The Sunday Times - Money Comment 05/07/09

Posted by Jill Kerby on July 05 2009 @ 21:14


Unlike the households of Ireland, the government believes there is no urgency in cutting its cloth to suit its measure:  according to the Taoiseach, the long awaited An Bord Snip Nua report is only going to be considered by the Cabinet ‘sometime later this month and then debated by the Dail when they get back from their long summer holiday next September.


Families everywhere have been slashing their budgets since our economic tsunami hit last autumn.  Now, despite all the uncertainty about unemployment, higher income taxes and the dreaded property tax in the next budget, we’ve been given the entire summer as well over which to fret about what might be in the An Bord Snip Nua report. 


One cut that is likely, and will affect every family with children, will be the universal child benefit, currently paid to 600,000 – mainly – mothers at a total cost of €2.5 billion. 


The first two children (via the parent) receives €166 a month and the third and subsequent child, €203. The parent with three children therefore receives €535 a month or €6,420 a year, tax-free.  If they earned this money gross and were in the tax net – a possible recommendation -  they’d be paying either €107 a month or €1,284 at the standard 20% rate, or €219.35 a month or €2,633.20 per annum at the marginal, 41% tax rate.  


In a tiny country like Ireland, means testing or taxing child benefit should have been in place from the start.
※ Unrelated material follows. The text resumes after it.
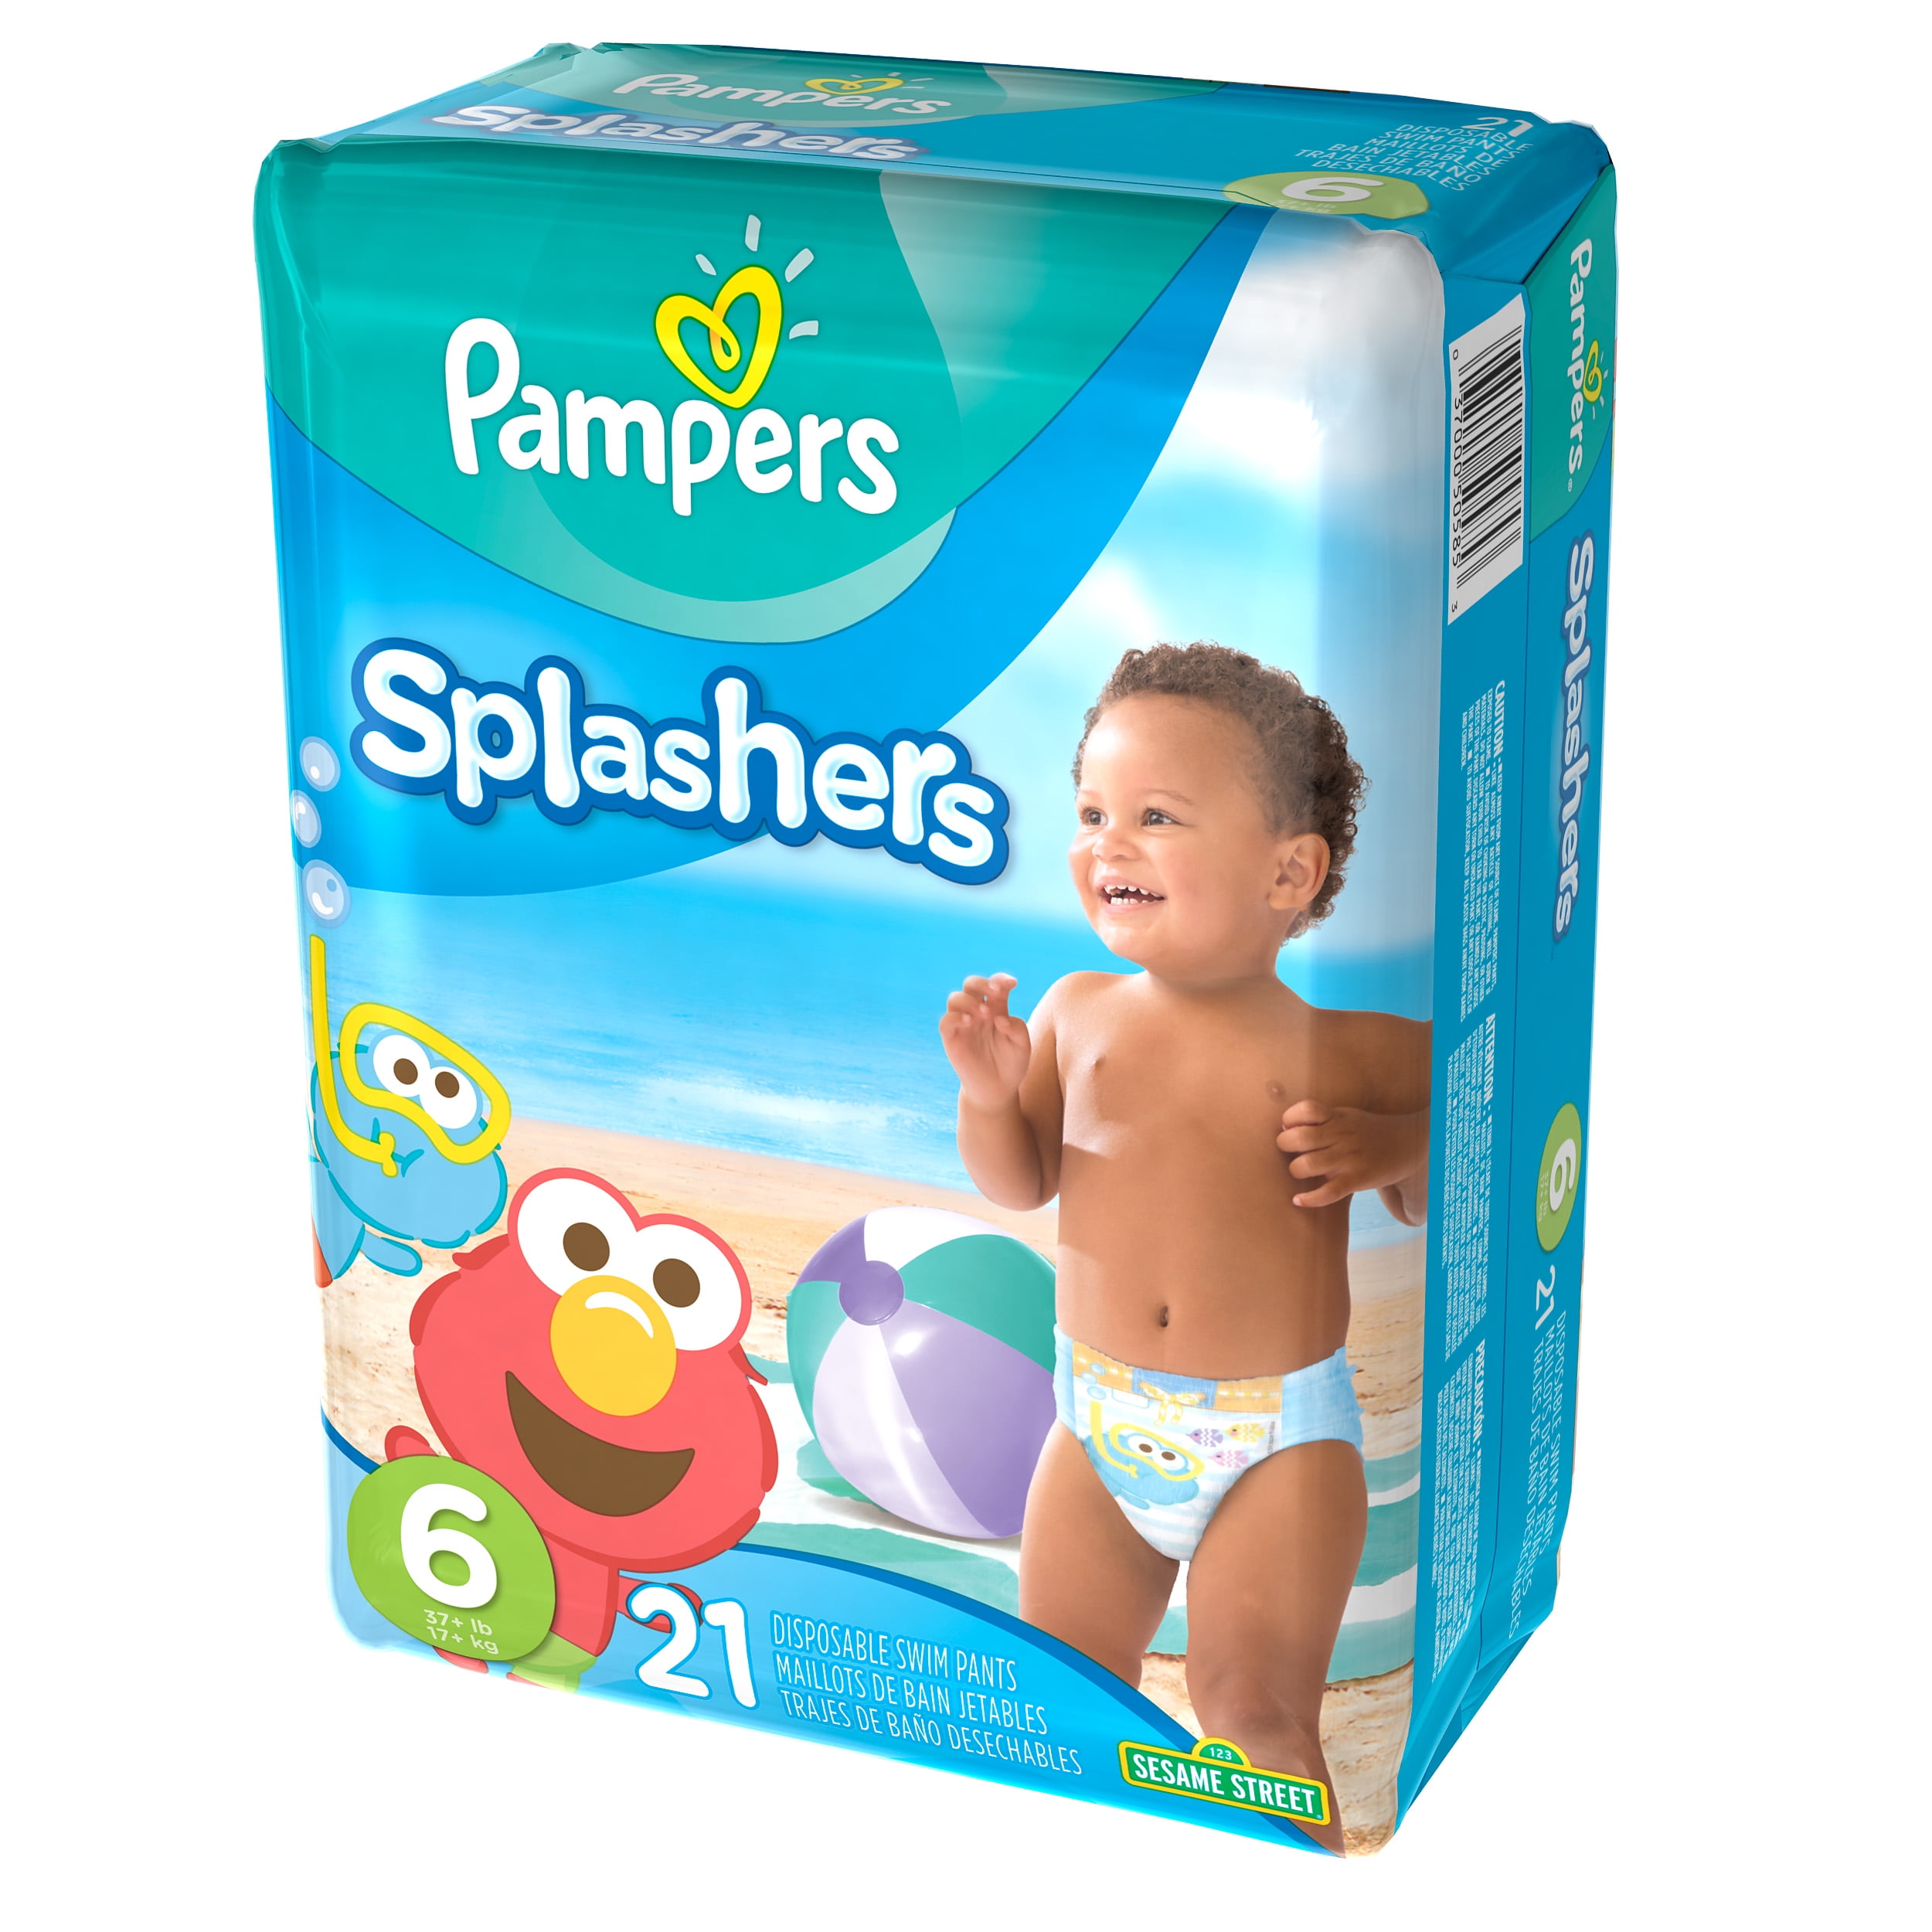 Snowstorm please do not solid Pampers Splashers Swim Diapers Size 5 22 count - Walmart.com

But politicians love to be loved, and a universal child benefit is a way to look like you’re doing something for the children of the nation, even if what you are really doing is trying to buy their parent’s vote. (Especially if you increase the benefit by 266% between 2000 and 2009.)  


A €6,420 untaxed child benefit for a parent of three is a pretty substantial bribe, whether you’re  living entirely on social welfare benefits or earning a typical middle class income of €50,000 or €60,000.  The only constituency that didn’t benefit at all of course, were the childless, who I expect are watching to see An Bord Snip’s comments about CB with great interest. 
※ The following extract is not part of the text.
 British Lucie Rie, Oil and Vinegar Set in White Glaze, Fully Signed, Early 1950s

If they recommend taxing the benefit at either the standard 20% rate for all, which would return it to 2004 levels, or at the parent’s highest rate (41%), it’s going to be a major administrative headache for the overstretched staff of the DSFA who will have to identify those parents who qualify and those who are exempt and for employers and the Revenue who will have to collect and implement the tax.  


Ditto for means testing: at what income does a parent – mother only or both parents – not qualify for the payment? Is it gross or net income?  Does the number of children in the family influence the income threshold?  What about the size of a mortgage or rent and other outgoings?


Had the snippers asked me, I would have told them to recommend abolishing CB altogether and redirect the appropriate €2.9 billion to the growing number of parents who are not in a position to properly feed, clothe and educate their children and hand back the rest to everyone on the tax-rolls up to last year and who are in a far better position to spend their refund more wisely than this government (that wants to keep giving billions to insolvent banks and property developers.) 


Too simple?  Perhaps.  Brutal?  Yes, that too.  But this is an economic depression we’re caught in, not some typical business-cycle recession that can be tweaked away with a little monetary adjustment here and a bit of token cutting there.  Nor do I believe the vast majority of working parents, who know too well what trouble we are in, would dump their children on the side of the M50 if their universal benefit was abolished. 


Dumping the politicians, on the other hand, who still don’t get it, is another matter. 





If last week’s heated debate on RTE’s Liveline about the application of the token €200 second home tax to mobile holiday homes is anything to go by, the battle-lines are already being drawn up over the introduction of the wider property tax next December.

Callers were furious that their modest, impermanent, summer dwellings, on which they already pay fees to the site owners where they are lodged, attract the tax. Many described it as a disproportionate tax for holidaying at home. Given that the airport travel tax is just €10, they have a point. 


But what was also upsetting a number of them, is the thought that their mobile homes, if they are lumped in with all holiday homes, will get caught up in the new property tax.


Most countries with a property tax don’t differentiate between family homes and holiday homes; both use local services and both attract the marketable rate or tax.  Usually, because it may be smaller and outside the expensive urban area, the holiday home attracts a lower tax rate, but when the starting point is just €200 a year to begin with, these mobile home owners may have very good reason to worry. 




Life insurance sales are up by 20% this year, say Citadel, a financial services network and coverage now averages €300,000.


I’m surprised that the amount is that high – so many people underestimate how much money their families would need to replace a bread-winner’s earnings – but the higher sales, says Citadel reflects not just how people become more conservative about their finances during a recession but also how they often use a recession as a reason to review their financial position.  


Life insurance is often a benefit that disappears when you lose your job.  Another reason to make sure you have some affordable cover right now.